Deep Learning isn’t a replacement for Machine Learning, it’s a subset of it, designed for harder problems. DL literally just expanded ML.
Why DL mattered so much?
Once neural networks became deep, computers suddenly became good at things they were historically terrible at: vision, speech, and language. This shift is what led to modern breakthroughs like voice assistants, facial recognition, and language models such as ChatGPT.
In other words, Deep Learning is the reason modern AI feels so human-like.

Generative AI
Shortly put: from analyzing to creating :)
For a long time, AI systems focused on recognizing, predicting, and classifying. Then came a major shift.
Instead of just analyzing existing data, AI systems began creating new content.
This is known as Generative AI.
These systems can generate text, images, music, code, and more.
They don’t retrieve pre-written answers, they generate original outputs based on what they’ve learned.
This is the category that sparked the current wave of public excitement around AI.
Large Language Models (LLMs)
Again shortly put: AI that works with language. Your favorite ChatGPT, Claude, and Gemini.
Within Generative AI, Large Language Models focus specifically on text.
LLMs are trained on massive amounts of written language.
They learn grammar, context, and meaning by predicting the next word in a sentence, repeatedly, at enormous scale.
They can write articles, summarize documents, answer questions, and help with programming not because they understand language like humans do, but because they’ve learned its patterns extremely well.
Chatbots
One final piece often gets mixed in with everything else: chatbots.
A chatbot is simply the interface that allows humans to interact with an AI system through conversation.
It’s not the intelligence itself.
The screen that you see when you open ChatGPT is a chatbot
What is ChatGPT?
ChatGPT is a chatbot, meaning it’s the conversational interface you interact with, but the intelligence behind it comes from something deeper.
Under the hood, ChatGPT is powered by a LLM a type of AI model trained using deep learning techniques on massive amounts of text so it can understand and generate human-like language.
So, ChatGPT is not “the AI itself,” but a product built on top of an LLM.
Large Language Models are just one category of modern AI models, others include computer vision models (for images and video), speech and audio models (for voice and sound), recommendation and prediction models (used in search, ads, and personalization), and reinforcement learning models (used in robotics and game-playing systems).
Putting it all together
AI is the umbrella term we use when something feels intelligent.
Machine Learning and Deep Learning describe how that intelligence is created (feeding the models with a lot of patterned data).
Generative AI explains what the system can do, create new content.
Large Language Models specialize in text.
Chatbots are how we talk to all of it.
When people casually say “AI,” they’re not wrong, they’re just speaking at a higher level. We humans are following mental shortcuts but intrinsically all of us are "a little lazy".
We do this all the time.
We say “car” instead of listing the engine, transmission, electronics, and software working together.
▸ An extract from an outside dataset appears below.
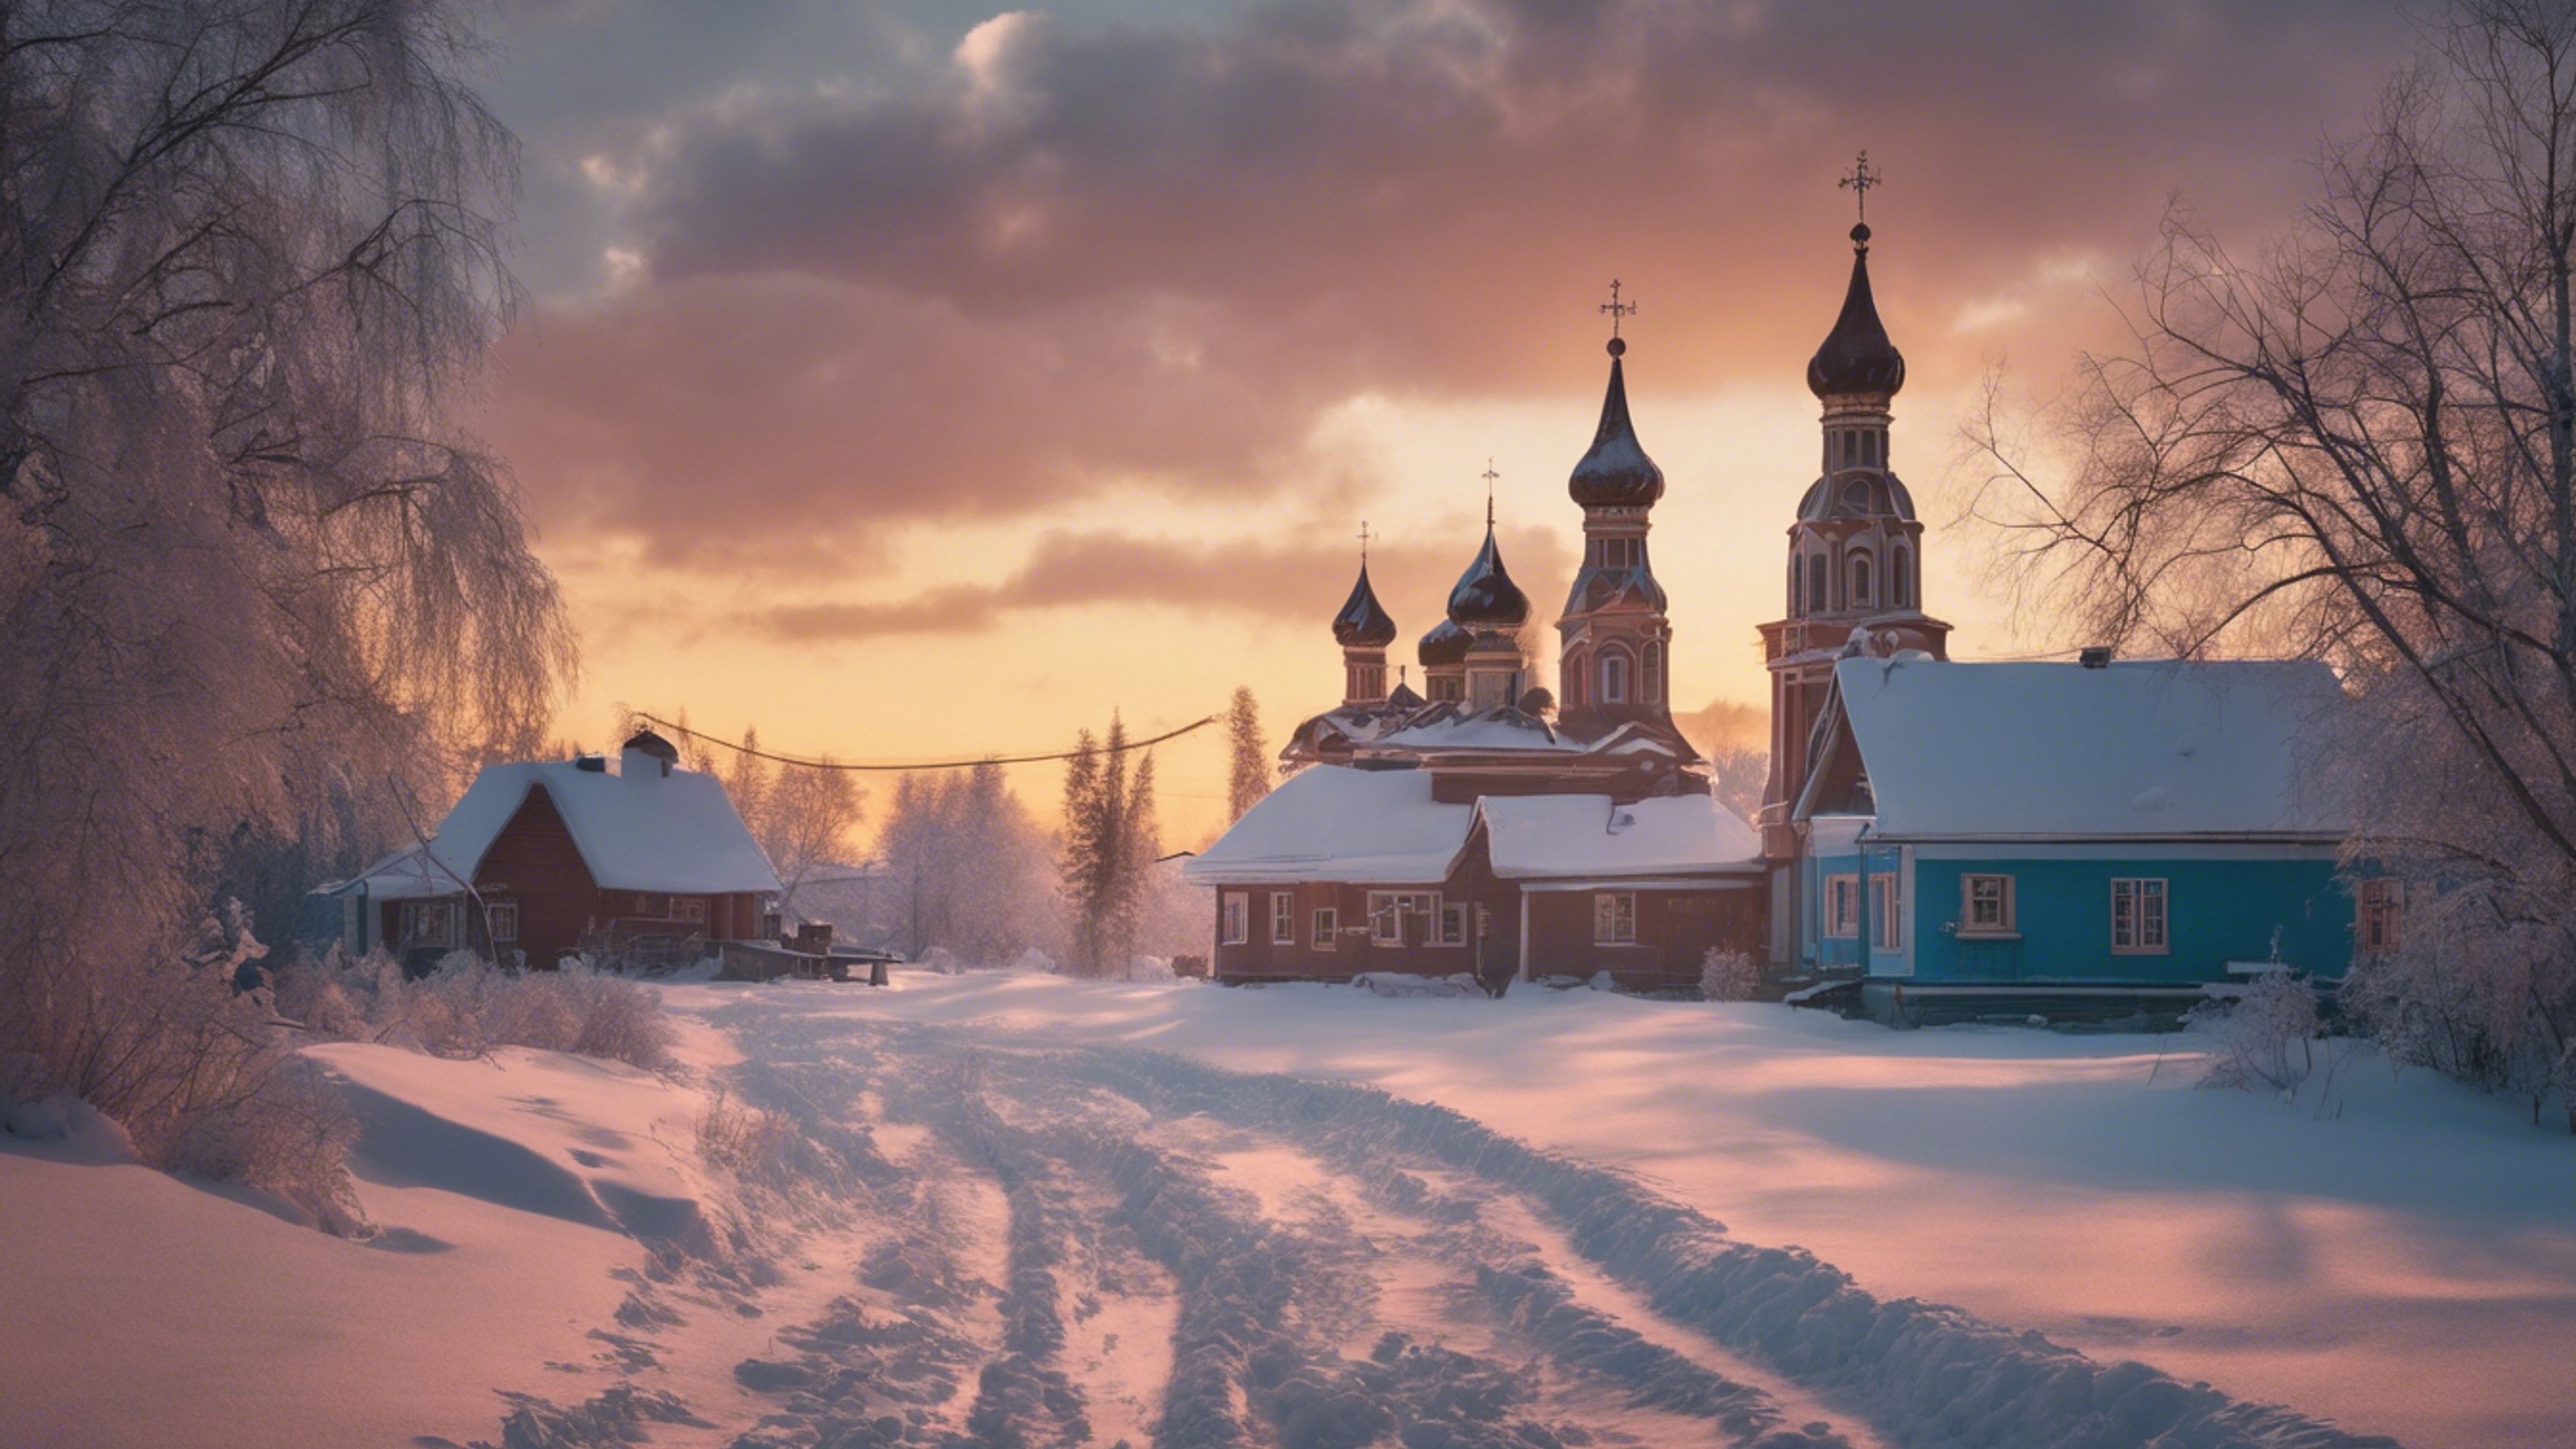 A snowbound Russian village under the mystic light of a nostalgic sunset. Tapet[d590942729fa40abb5f5]

We say “the internet” without thinking about cables, servers, protocols, and data centers spread across the world.
In the same way, “AI” has become a shorthand for an entire stack of technologies.
Most people aren’t talking about algorithms, training methods, or neural networks, they’re talking about the experience. If something talks, recommends, recognizes, or decides, we call it AI.
Over time, the umbrella term sticks, while the technical details fade into the background.